Looking at community service within a school that is aggressively addressing what the upper school’s assistant director terms “white privilege”, Blake students “volunteer for organizations such as Minneapolis Crisis Nursery, UNICEF, and Vail Place, a support program for adults with mental illness.” Apparently it’s a good thing to “think like a rich kid” if a volunteerism is any kind of gauge.

The obvious reply to this line of thinking is that the children of the wealthy enjoy easier lives than their parents do, so while they may be taught the importance of thrift and hard work, they don’t aspire to those values. That’s an easy assumption for sure, but one belied by simple, anecdotal evidence.

Indeed, movie moguls Michael Eisner and Jeffrey Katzenberg both grew up on New York’s Park Avenue, Winston Churchill at Blenheim Palace, real estate entrepreneur Donald Trump was raised by a father who’d done extraordinarily well himself in property, while Facebook founder Mark Zuckerberg attended Phillips Exeter Academy. Failed children of the successful are always notable, but not discussed enough is how often they inherit their parents’ belief in hard work on the way to great success.

Also not mentioned is how many children of the unsuccessful end up much like their parents. This number would be hard to quantify, but if values are some degree inherited, it’s a safe bet that a not insignificant number of children who grow up poor take the values of light work and an aversion to thrift well into adulthood. Simply put, the values that lead to failure are in no way the sole preserve of the upper middle classes, let alone white people.

Taking this a bit further, can the author suggest with a straight face that the values of hard work, study and charity permeate the more downtrodden schools in Minneapolis? If so, why is it that a Blake education is so desirable to the rich and poor alike?

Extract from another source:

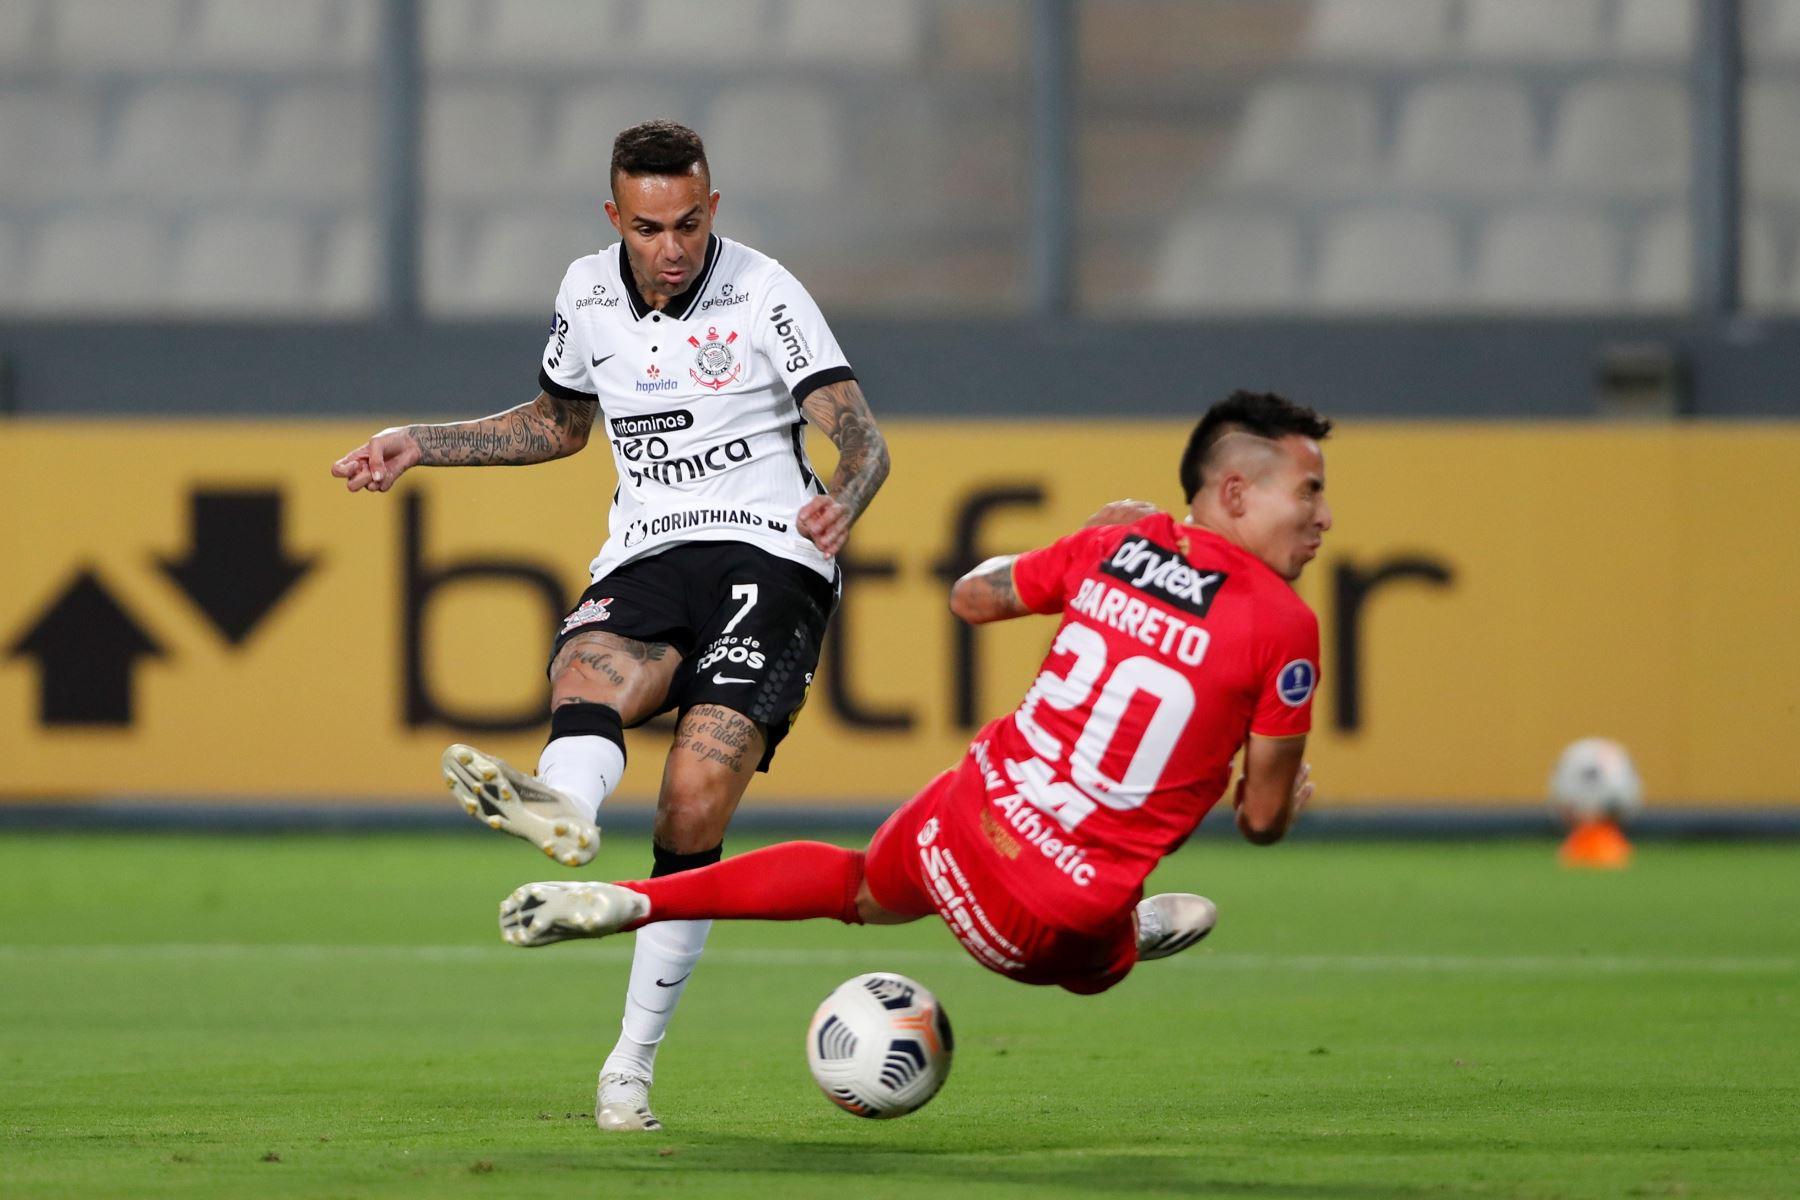 Luan de Jesús de Corinthians anota un gol durante partido de la Copa Sudamericana contra Sport Huancayo, en el estadio Nacional. Foto: EFE

Ultimately it’s the goal of The Blake School to erase the culture of “white privilege” from its hallowed walls. No doubt this plays well to a media possessing an almost reflexive hate of wealth, but for the rational minds in our midst, white privilege is a falsely pejorative term for the enterprise and parsimony that often lead to financial and charitable success. Blake may well rid itself of what its administrators deem a wanting, privileged culture, but if successful, they’ll rid the school of the values that make it so attractive to the ambitious, including those not rich or white.